■ What is being asked
A verbatim transcript of the data below is required, images omitted.

■ Stored data

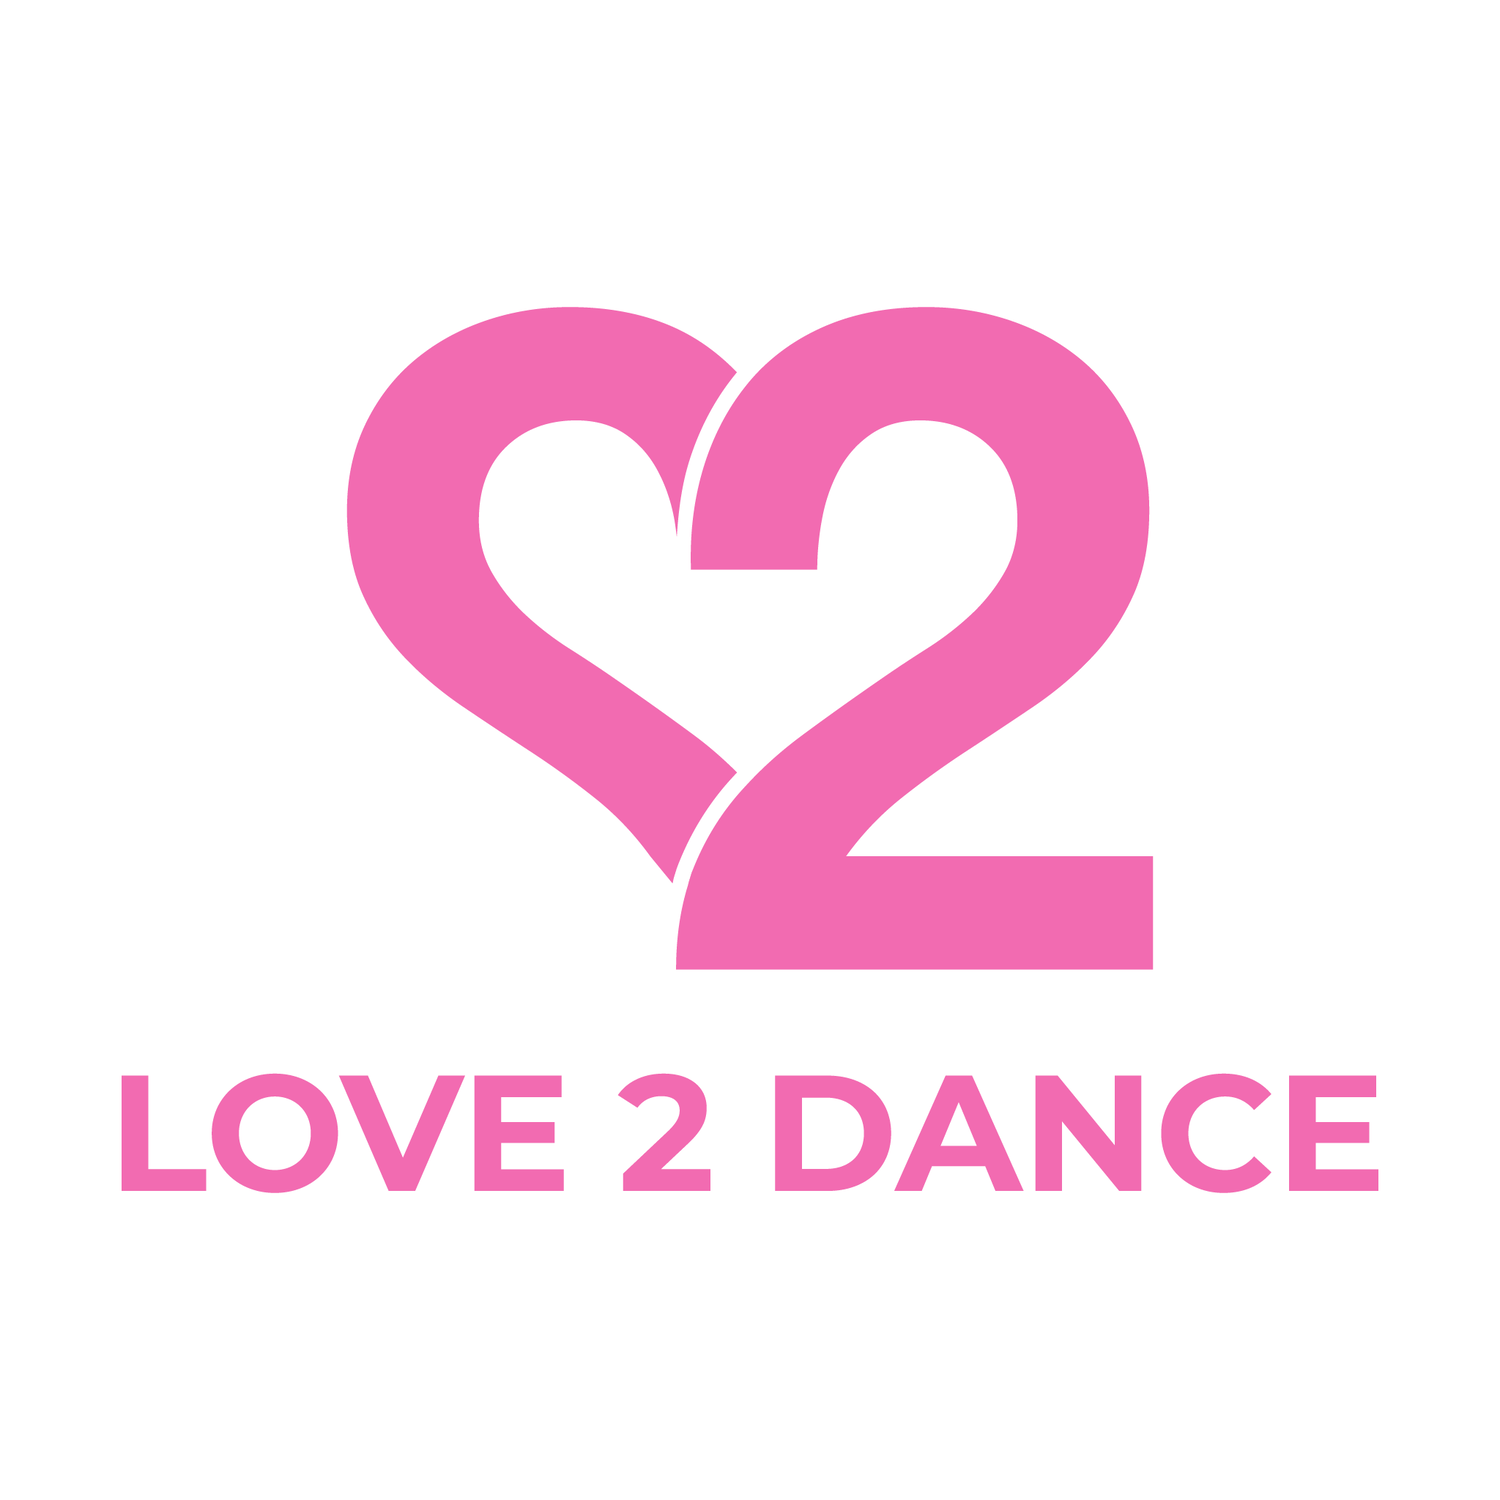 LOVE 2 DANCE
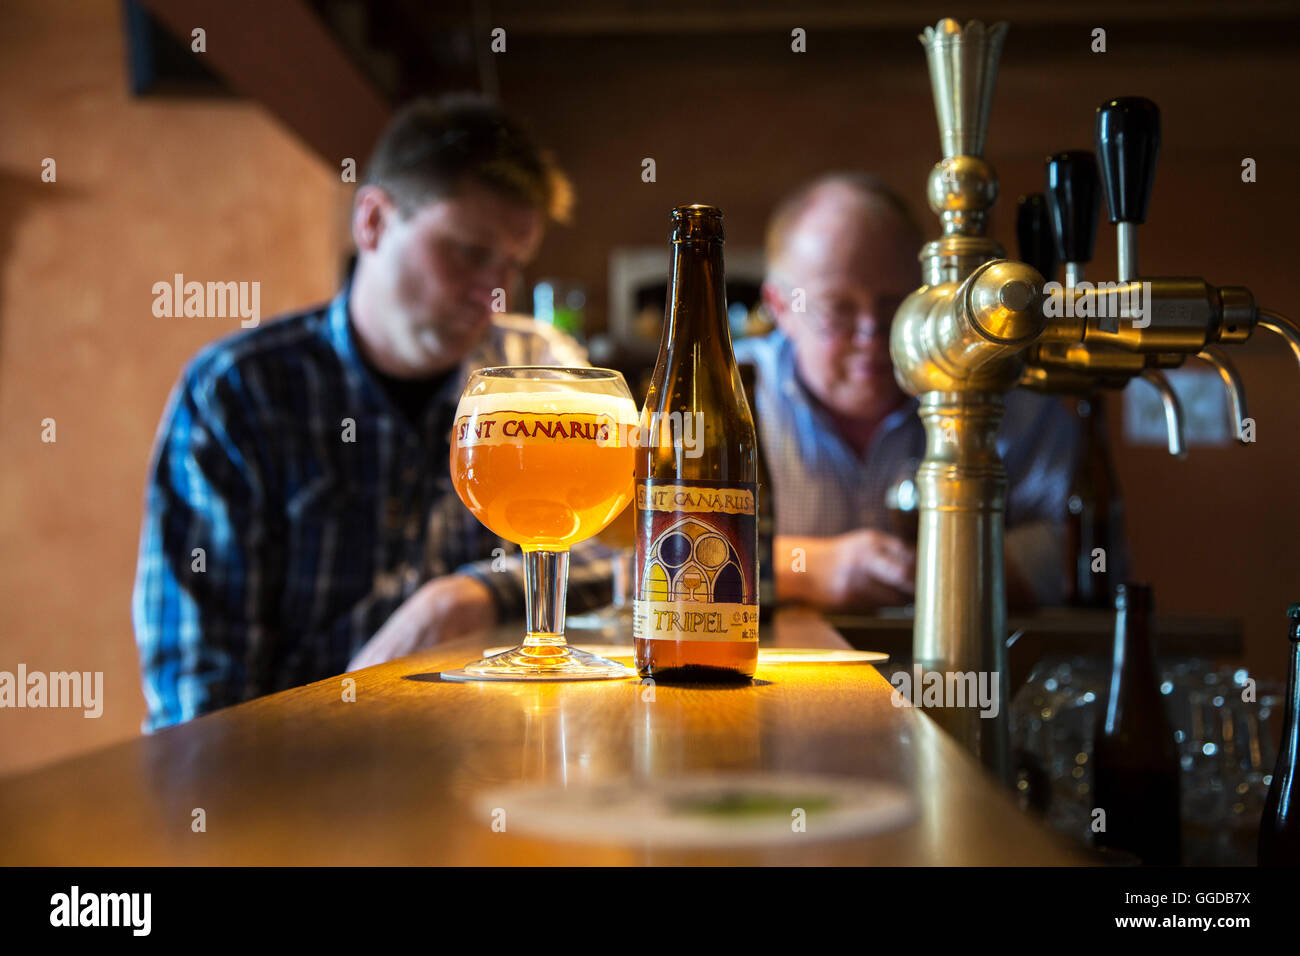 Lokalen Tripel Sint-Canarus Bier im Glas und Flasche auf Bar im Café am Gottem, Deinze, Belgien Stockfoto
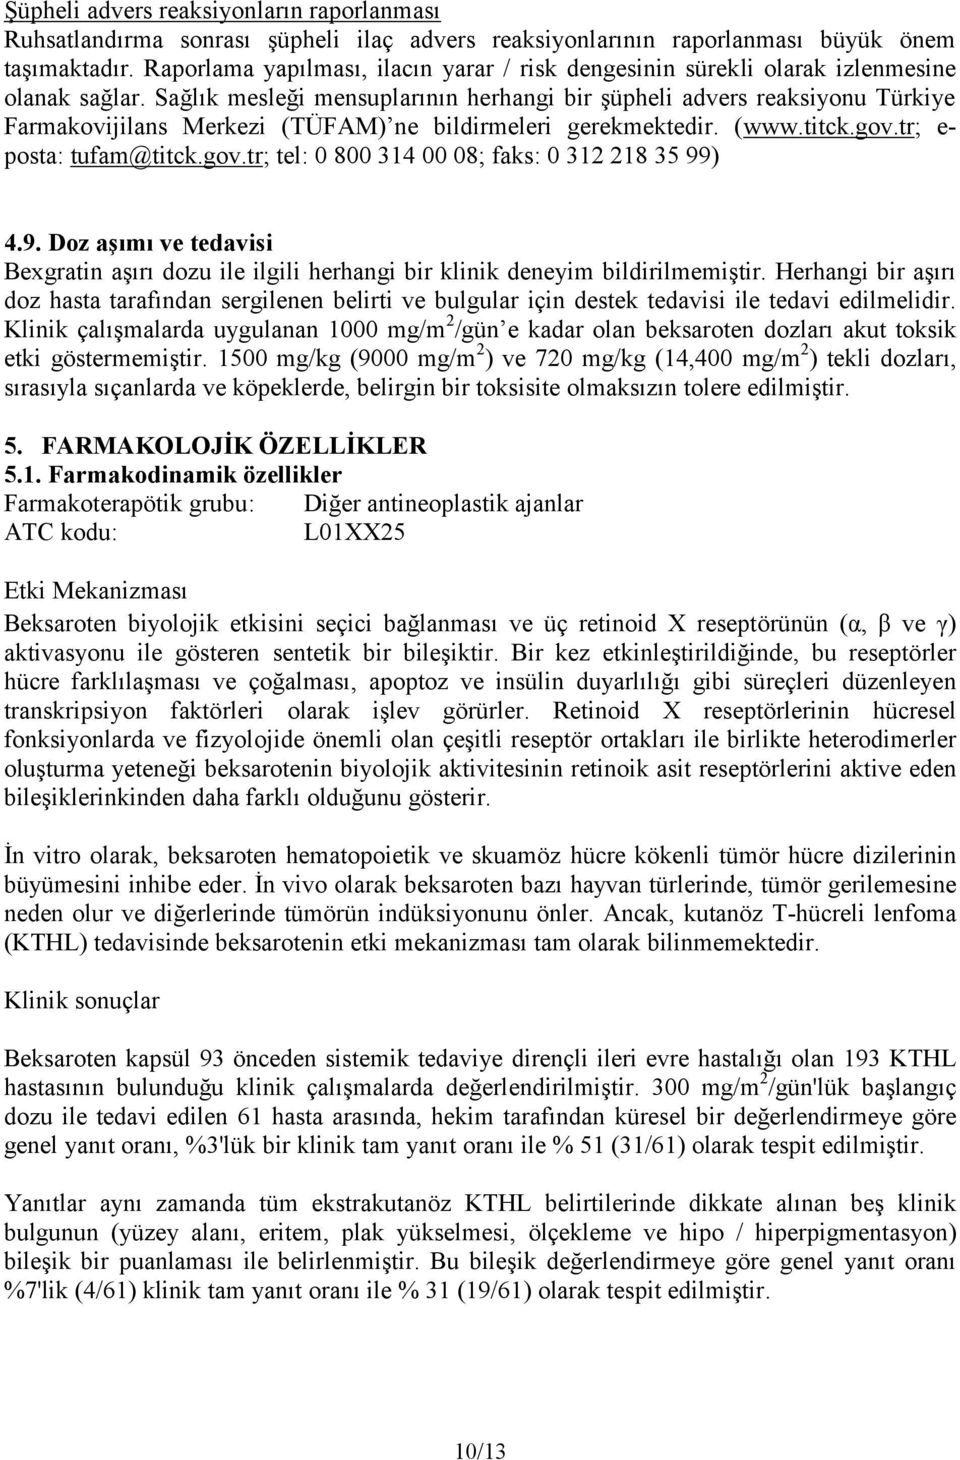 Sağlık mesleği mensuplarının herhangi bir şüpheli advers reaksiyonu Türkiye Farmakovijilans Merkezi (TÜFAM) ne bildirmeleri gerekmektedir. ( www.titck.gov.

■ Result
 LOVE 2 DANCE
 Lokalen Tripel Sint-Canarus Bier im Glas und Flasche auf Bar im Café am Gottem, Deinze, Belgien Stockfoto
 Sağlık mesleği mensuplarının herhangi bir şüpheli advers reaksiyonu Türkiye Farmakovijilans Merkezi (TÜFAM) ne bildirmeleri gerekmektedir. ( www.titck.gov.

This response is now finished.